Zine scene: giving voice to any and all artists

Since the ’90s, small, self-produced anthologies of writing and art called zines have given the young, impassioned, and atypical voices in Iowa City a chance to be heard.


Design by Lily Smith and Naomi Hofferber

Brooke Clayton , Arts Reporter

Iowa City is home to literary giants whose names grace the shelves of Prairie Lights and whose faces pass discreetly by en route to Dey House. But the City of Literature, in all its grandeur, has also always been a hotbed for underground art.

“Zines have always been a staple of counterculture,” Molly Bagnall said. “The whole point is not to edit things or reject things but just to give local artists and creators the chance to have their work published in some sense, no matter how small scale it is.”

Bagnall is in the process of coproducing her fourth zine since February. Each small, self-bound zine has had a theme: the first that all submissions were 33 words or fewer, the second interpreted family and home, and the third considered the body. Yet even those umbrellas act only as an usher, an invitation to get the artistic gears going, with the promise to publish whatever the result may be.

“If they submit it, we put it in,” Bagnall said.

Mental Floss dates the first zines back to the 1930s, where the sci-fi scene in Chicago started a tradition of producing fanzines that lives on today. Defined by their local circulation, low cost, and self-publication, zines took off in other communities. Punk zines became incredibly popular in the ’70s, when copy shops made it easier than ever to mass-produce the publications. Today, zines reign in the underground art and music scenes of New York, London, and LA, and they have even been produced by big names such as Kanye West.

Facebook and Twitter have been the breeding ground for Bagnall’s passion projects, connecting her with local students and artists who would like to be published. One such person, UI senior Becca Bright, turned out to be the source for the next zine’s theme.

When Bright was facing a debilitating dose of writer’s block last year, she turned to her camera. Photography was an old hobby, and she decided to look through the lens again just to gain a different perspective. What began as photo shoots with friends quickly evolved in to something more.

Because of an initial coincidence, her models were all queer women, and the act of standing up to the camera seemed to empower them to reflect on the ways we can redefine femininity and beauty.

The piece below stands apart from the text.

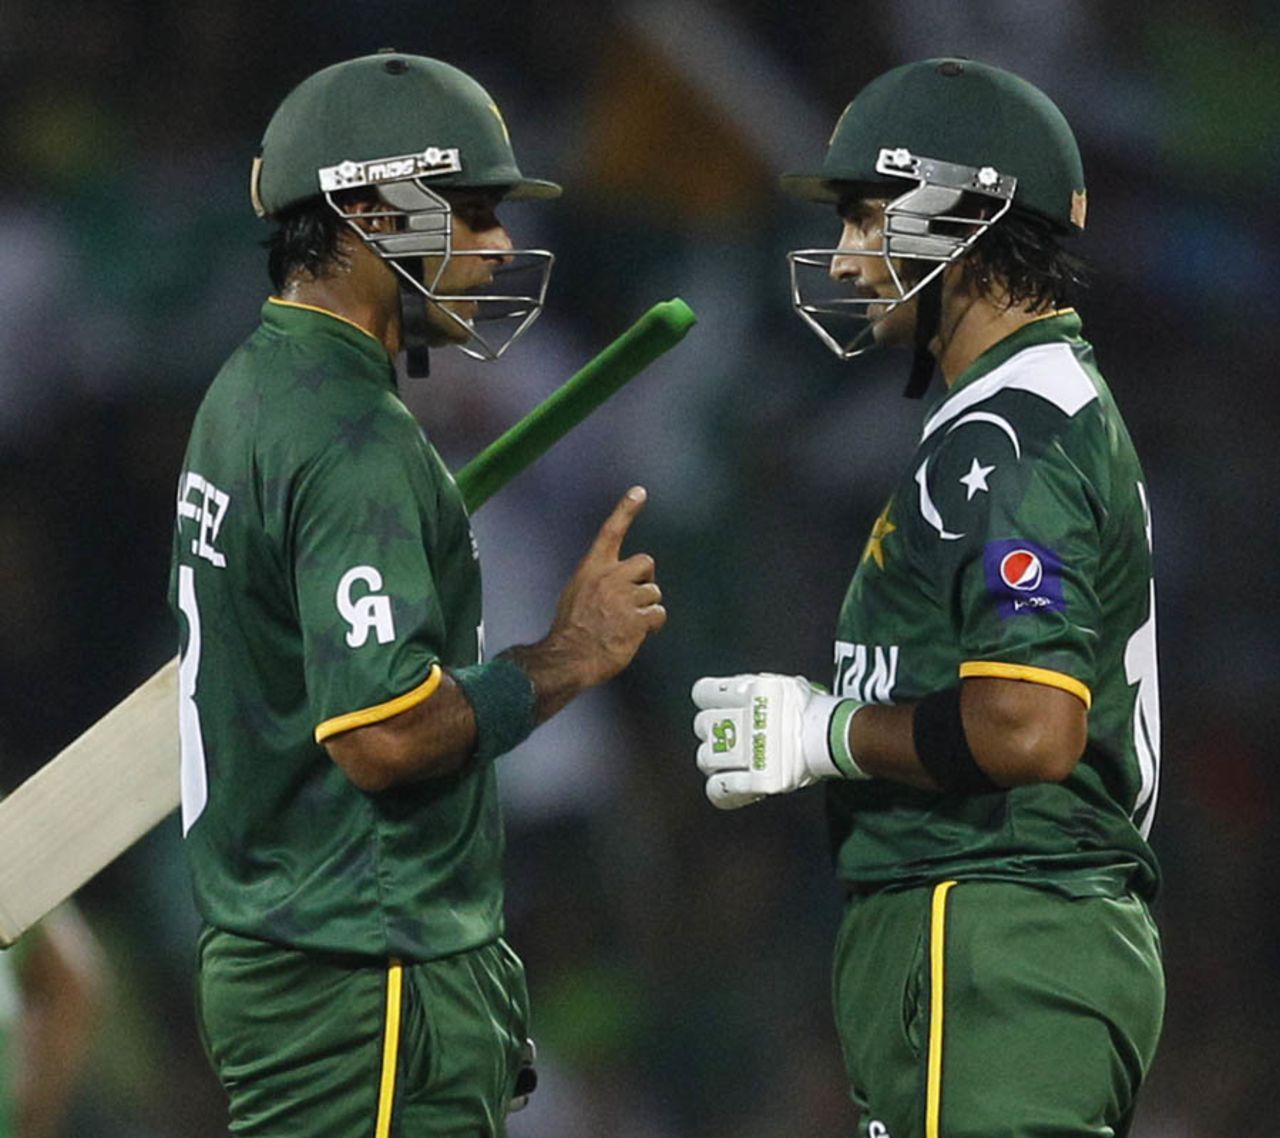 Mohammad Hafeez and Imran Nazir helped Pakistan to a strong start in their chase, Bangladesh v Pakistan, World Twenty20 2012, Group D, Pallekele, September 25, 2012

Playing with the idea of being “seen,” Bright began using the hashtag #icwomen to promote the diverse faces of queerness in Iowa City.

Bagnall was one of Bright’s models, and together, they decided that the fourth zine should give voices to the queer faces of #icwomen and encourage others to join in conversation.

“A handful of the girls are creative writing majors or artists,” Bright said. “So I think because they had already put themselves out there in a creative way by having their photos taken, they had the same sort of eagerness to actually write something out.”

Like a diary or looking at a photo of yourself, Bright believes that the worth of a zine is that it gives artists a place to reflect.

“With a magazine, the writer or whoever has to give to the magazine,” she said. “But I feel like with a zine, the zine almost gives to the contributors.”

Zines can be found stacked happily in White Rabbit, Prairie Lights, the Record Collective, High Ground, the Haunted Bookshop, and the Iowa City Public Library — free (or close to it) for whoever needs a read.

I don’t know if there’s a zine community — but there is a zine for every community.”

— Molly Bagnall

The unimposing relationship among artists, businesses, and locals is definitive of the joyous and collaborative concept behind producing a zine.

Maggie Timboe, a recent transfer student to the UI, said zine culture was one of the first things she heard about at Orientation, after mentioning her interest in publishing to a university librarian.

“I think zines are a good way for people to express things that they’re really passionate about that other people might find really niche or a little geeky,” she said.

During her first weeks in Iowa City, Timboe will be buried in Special Collections of the Main Library, enacting her geekiness by digging through a curated collection of culinary zines to help inspire her own. Her foodie publication will combine her love for history and English by republishing archived recipes from the diaries of old farm women, bringing them back to life alongside today’s voices.

“I think a recipe is a really universal thing that people can use and look at, but I think a lot of zines are really for the people creating it,” Timboe said. “I don’t really have a theme for the first issue. I want people to write or take pictures of whatever it is about food that they find most important or whatever has affected them the most.”

While Bagnall’s attraction to zines is for their innate artistic energy, their collaborative quality, and the counterculture that they represent, Timboe is the proof that a zine truly can be anything that the creators want.

In a small paper pamphlet, bound by hand, her fascination with food has as much validity as Bright’s project to make queer women feel empowered, and Bangall’s love for art is as well represented as another’s passion for politics.

As Bagnall put it: “I don’t know if there’s a zine community — but there is a zine for every community.”